To evaluate the cost effectiveness of automatic tag extraction, we took the tag creation time into account when comparing the retrieval times for the β and γ data sets. The average creation time was 314 seconds for the β set and 1480 seconds for the γ set. Defining cost effectiveness as how much the retrieval time was reduced per 100 seconds of creation time, we find the cost effectiveness of set γ to be 3.48 and that of set β to be 7.18. Thus, we can say a tag screening mechanism is significant that from the viewpoint of cost effectiveness.
Through these experiments, we showed that tags extracted from annotations acquired in Synvie are useful for video scene retrieval. Since experimental results depend greatly on the amount of annotation, however, detailed evaluation is a future task. We showed that the tag screening technique is useful for improving retrieval efficiency, so we must use tags appropriately considering factors such as the target video contents and retrieval frequency.
8 Conclusion
The main purpose of Synvie is to propose a novel approach to integrating video sharing, user communication, and content annotation. By associating user communications about videos with deep content of the videos, we can discover knowledge on video scenes and use it for their applications. Since their communication space should not be restricted within a single video sharing site, our scene quotation can extend them to the entire Web. Also users usually struggle with creation and selection of tags. We therefore believe that communications are nice motivation of collaborative tagging of the video scenes. To achieve our purpose, we developed mechanisms for annotating video scenes and extracting annotations from Weblog entries containing video scene quotations, and we evaluated them in public experiments. From an analysis of annotation for each annotation method, we discovered characteristic tendencies for each annotation method. These tendencies indicated that scene quotations are better qualtity than scene comments. We also developed a tag-based video scene retrieval system based on these annotation data. We thus showed that the annotation acquired from these Web communities was useful for applications such as a video scene retrieval.

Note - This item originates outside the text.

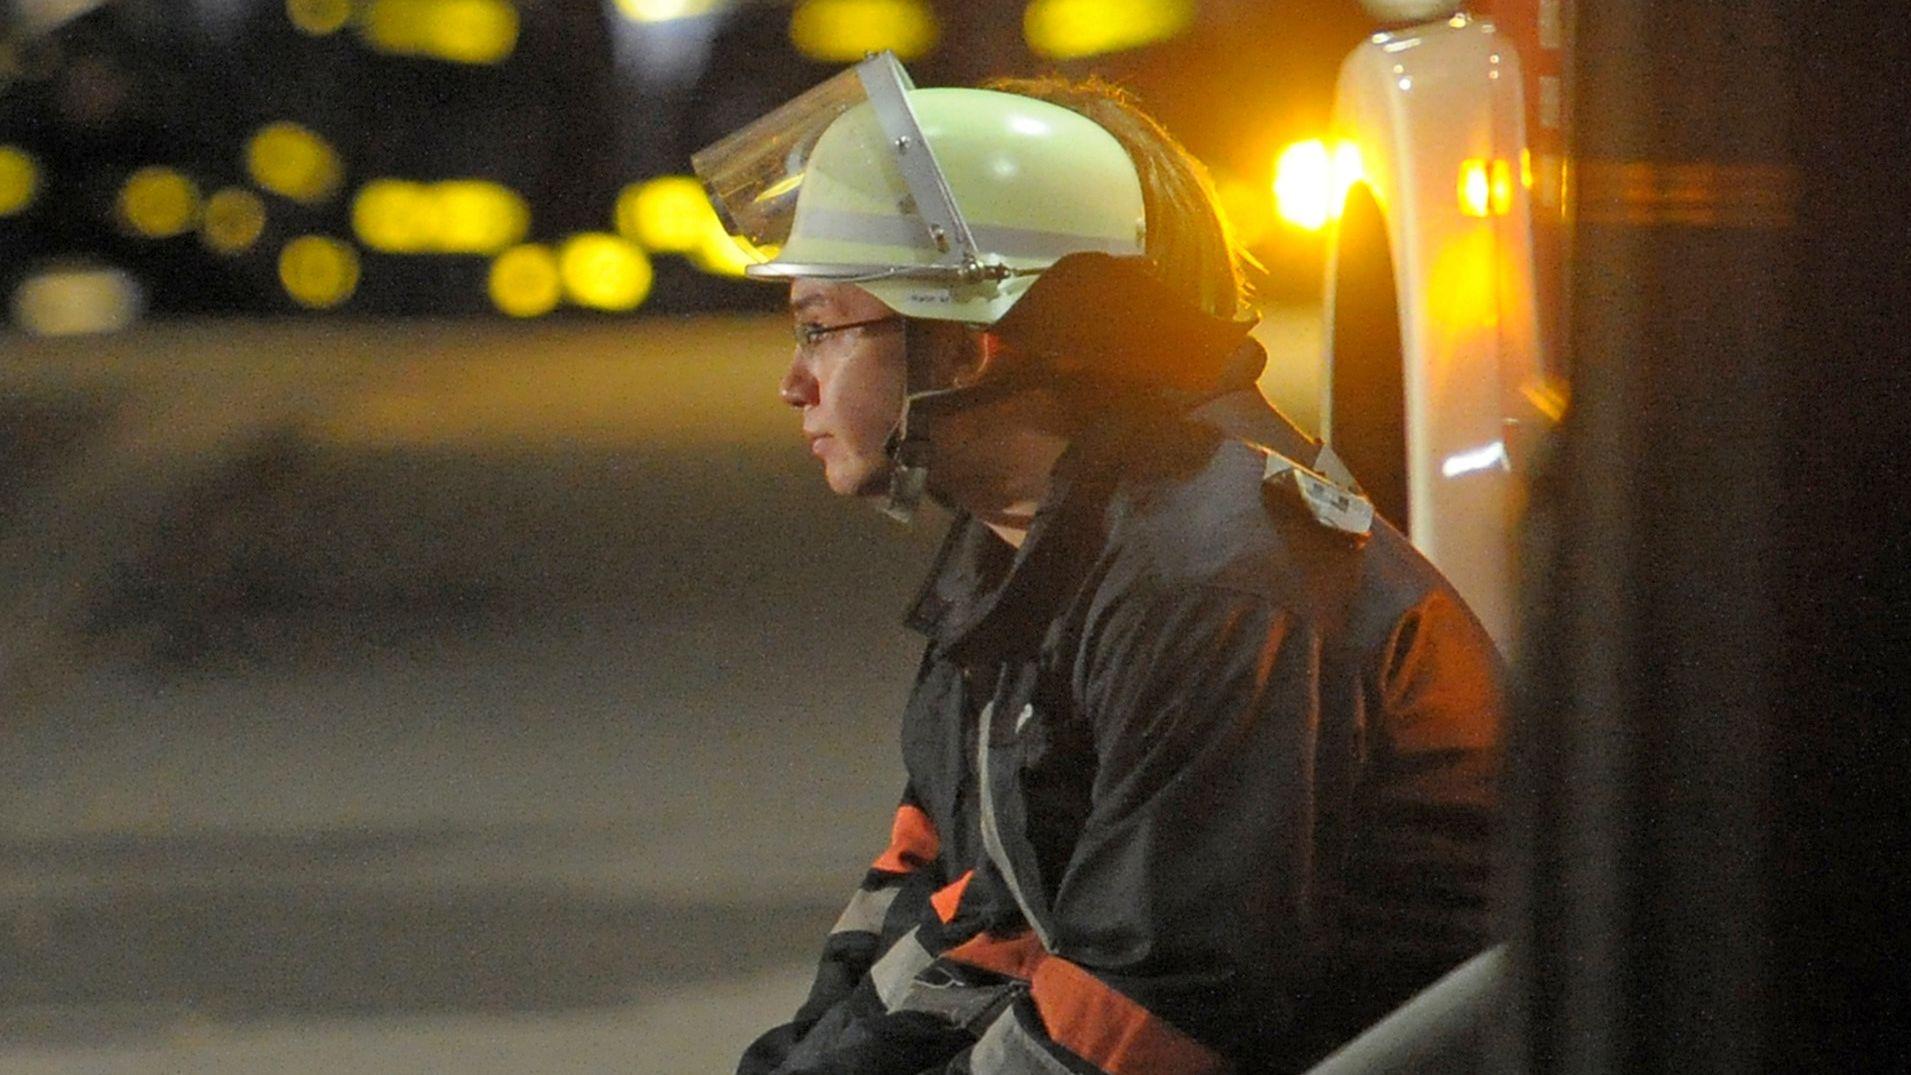 Ein Feuerwehrmann sitzt nach einem Brand in einem Wohnhaus sichtlich erschöpft an einem Einsatzfahrzeug.

There are, however, some problems that were not resolved in this paper. Currently, we extract only tags. We intend to extract more semantic information by applying the concept of ontology to scene tags or using more advanced language analysis. Using these mechanisms, we can also construct semantic hypermedia networks based on quotations of video scenes. In these networks comprising Weblog entries and video contents, the granularity of hyperlinks can be refined from units of videos and Weblog entries to units of scenes and paragraphs, the scale of network links can be extended from communities within a single site to communities on the whole Web, and also links between contents can be expanded from hyperlinks for navigation to semantic links based on the meanings of quotations. We therefore think that this general method for extracting knowledge about multimedia contents from the activities of communities can provide data for various applications.